The complete chloroplast genome data used to support the findings of this study have been deposited in the NCBI repository (the accession numbers of D. tanguticum and D. moldavica are MT457746 and MT457747, respectively).

Conflicts of Interest

The authors declare that they have no known competing financial interests or personal relationships that could have appeared to influence the work reported in this paper.

Authors’ Contributions

The experimental design was completed by J.Y., K.Z., and J.L.; acquisition and treatment of plant materials were completed by Y.X., Y.S., and P.H.; data processing and analysis were performed by J.Y., F.Z., H.Q., M.Y., B.X., and J.M.; the paper was written by J.Y. and Z.L.; X.L. put forward key opinions and revised the paper.

Acknowledgments

This work was financially supported by the National Natural Science Foundation of China (No. 81660628), Tibet Autonomous Region Major Special Science and Technology Project (No.
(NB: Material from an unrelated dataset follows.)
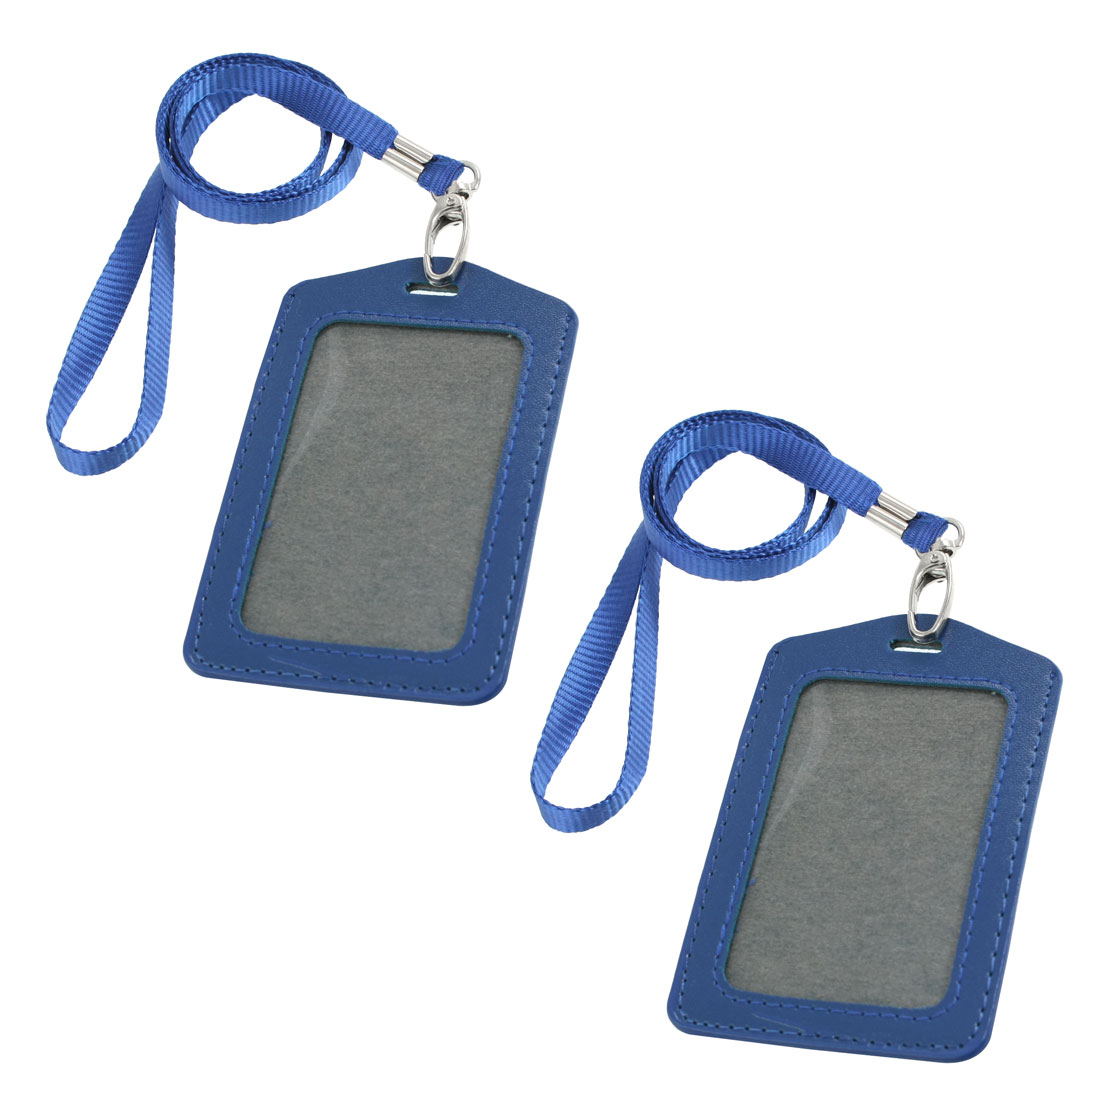 Unique Bargains Protective Faux Leather Office Work Name Card ID Holders Blue 2pcs
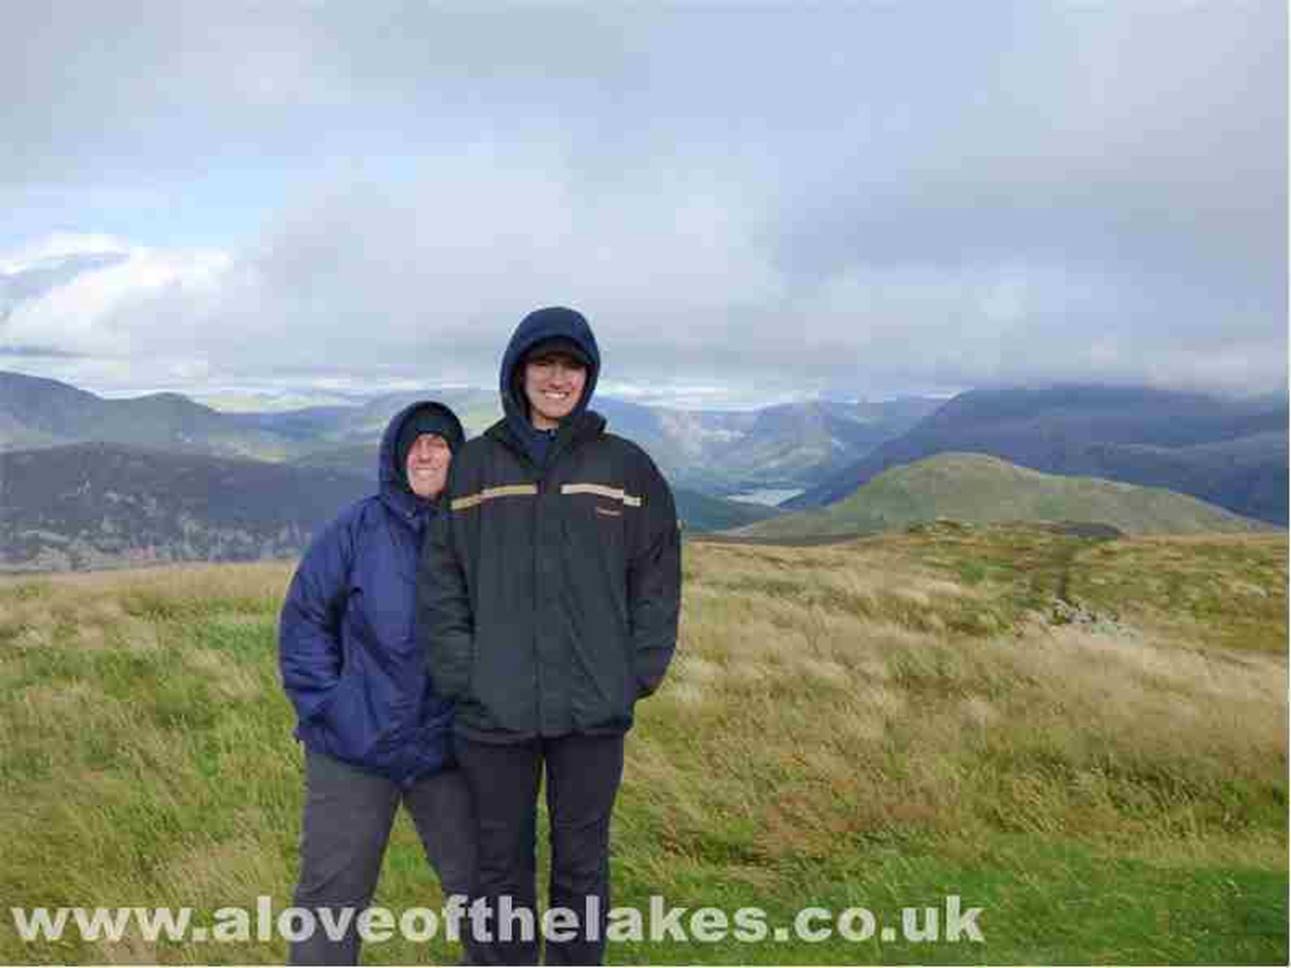 Awoken from their slumbers  This really is one of the more comfortable summits that you will encounter on a Wainwright walk

XZ201901-GA-04), Budget Project of Tibet Autonomous Region Level (2019-44), the Forth National Survey of Traditional Chinese Medicine Resources, Chinese or Tibet Medicinal Resources Investigation in Tibet Autonomous Region (State Administration of Chinese Traditional Medicine 20200501-542330), Capacity Construction of National Traditional Chinese Medicine Inheritance and Innovation Project (cc-cstc-CA-19-2) and Key Project at Central Government Level: The Ability Establishment of Sustainable Use for Valuable Chinese Medicine Resources (Nos. 2060302-1704-09 and 2060302-1702-13), and Xizang Agriculture and Animal Husbandry College Graduate Innovation Program Fund (YJS2019-14).